The order of the Interstate Commerce Commission is not in the record. It is, however, quoted in the briefs of counsel, and it appears therefrom that neither the through rate nor the carriers responsible for and participating in it were before the Commission. The Commission said:
"Considering the absence of evidence as to the reasonableness of the through rate and the unsatisfactory evidence as to the separately established rates under attack, we must refrain from expressing any conclusion upon the reasonableness of either rate."

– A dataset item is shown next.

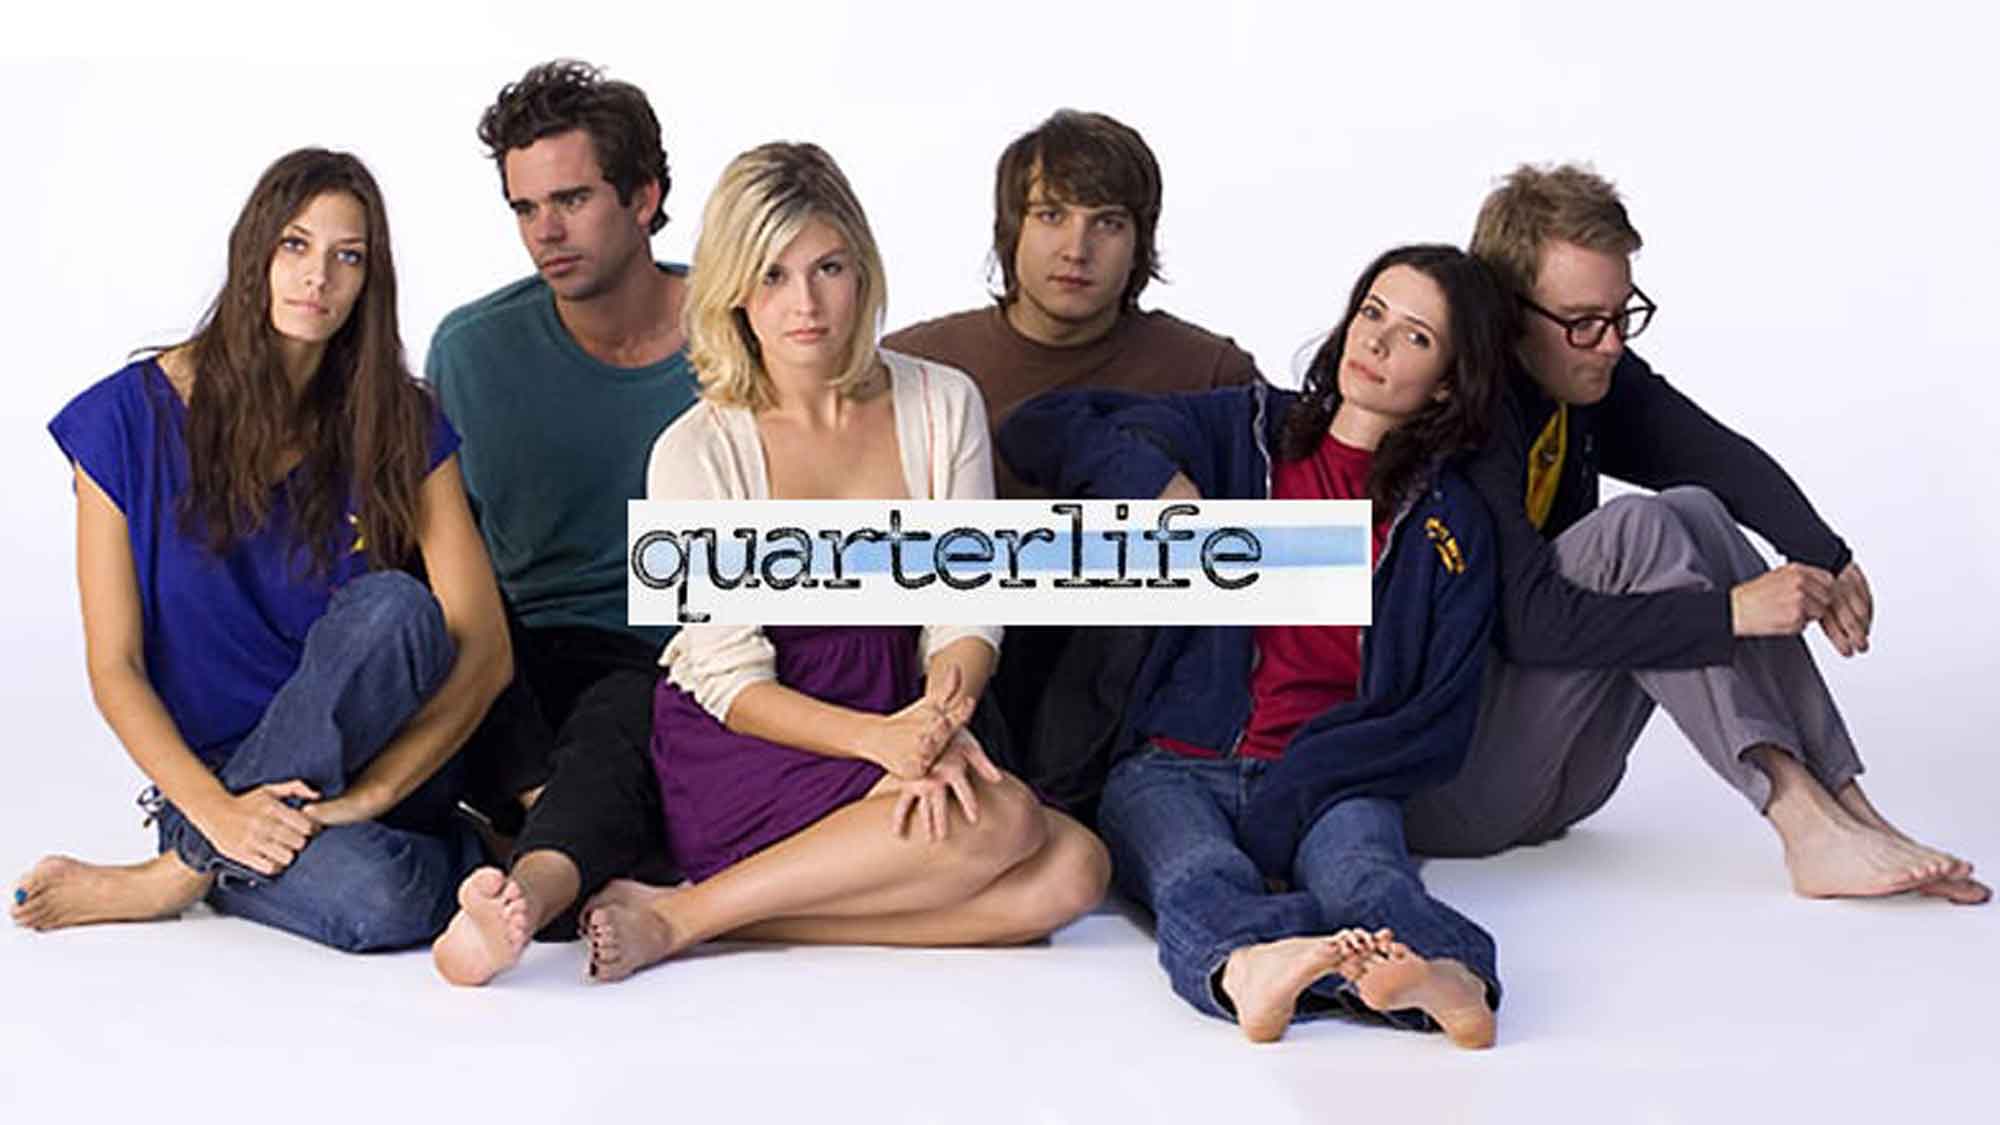 Quarterlife TV Show Gets An Official Premiere Date From NBC (2008)

But a relation is asserted between the state and interstate haul because it is said to be manifest that the order of the state commission gives commercial advantages to shippers and producers of coal in Illinois over shippers and producers outside of the state. But there is nothing in the record that justifies the confidence of the assertion. There are too many factors to be considered for such offhand declarations to be accepted. Some relation we may admit between the state and interstate service, but the evidence does not bring it within that certainty and precision of influence that induced the decision in Houston & Texas Ry. Co. v. United States, 234 U. S. 342, but leaves it controlled by the Minnesota Rate Cases, supra; Oregon R. & Navigation Co. v. Campbell, 230 U. S. 525, and Louisville & Nashville R. Co. v. Garrett, 231 U. S. 298. Therefore, the order is not subject to the charges against it, and §§ 3, 13, and 15 of the Interstate Commerce Act have no application.